The real reason of this failure in souls is not want of reality, but simply ignorance of their true standing, because they have only received Christ as conferring benefits on man, and therefore they can only follow the instinct in their hearts - true in itself -- to serve Christ in keeping with their own apprehensions of Him. The instinct to serve is right, but from want of a true and full apprehension of how they are placed in relation to all here by being in Christ, and, as the fruit of His death, above and apart from all that is of man, they engage themselves with man as of the first Adam, and as if his history were not morally at an end in the cross of Christ. If I know that man's history is ended there in God's sight, I can only minister Christ, and the grace of Christ as the One risen out from among the dead. Some may say, Then you give no place for good and useful works for man's benefit. Quite the contrary; I minister the only thing that can really meet man's case, but then it is not to maintain his status as man. What I press is that every service should begin with this: that if Christ "died for all, then were all dead". 

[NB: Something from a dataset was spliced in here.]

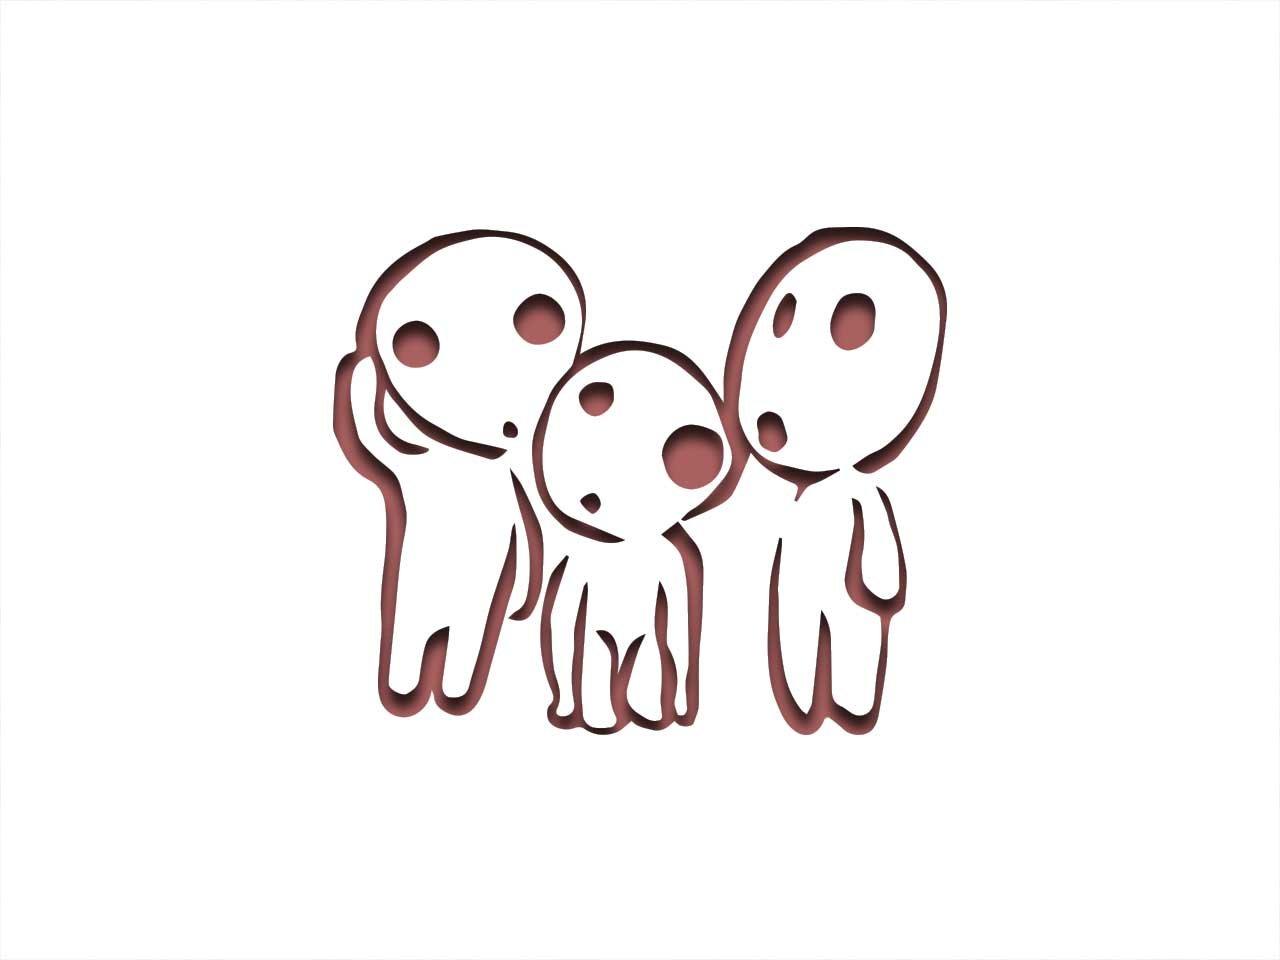 Kodama Ghibli Inspired Stencil - 12' x 8' - 190Mu Mylar A, Airbrushing, Craft, Grafitti ST-ML-AN-00010 Apex Laser ltd
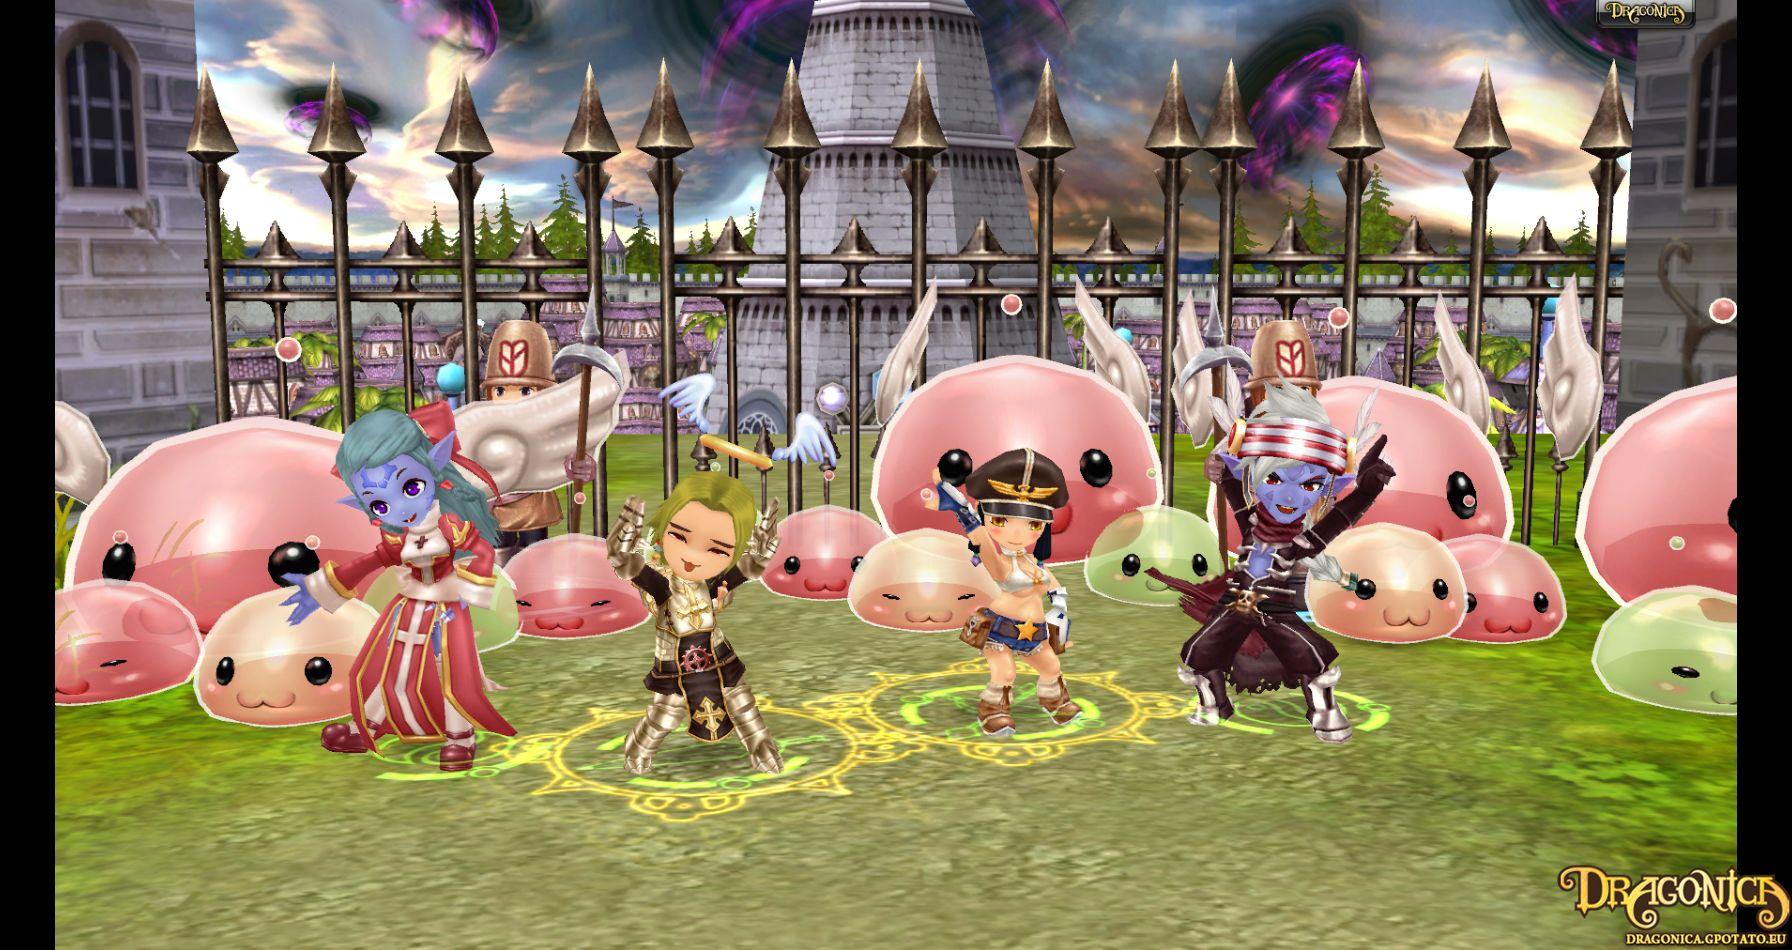 Dragonica Browsergame Fantasy

The true servant thinks of the deepest necessity first, and like a skilful physician, when the patient is suffering from a complication of maladies, he seeks to arrest the deadly one first, nay, his utmost attention is directed to it. But, to be this skilful physician, this true servant -- one who does not suffer personally from the malady he would relieve -- he must be one who has learned the power of Christ's resurrection. 

When a physician seeks to stay or check a mortal disease, while doing so, he thinks comparatively little of others. And just so a true servant, having found life in Christ, ministers of Christ in a dying world, not as of it himself, but as out of it, to those in it, that through grace they may receive Him who has risen out of it. He will also well and truly care for the sufferers in this scene of death -- all patients in one vast infirmary.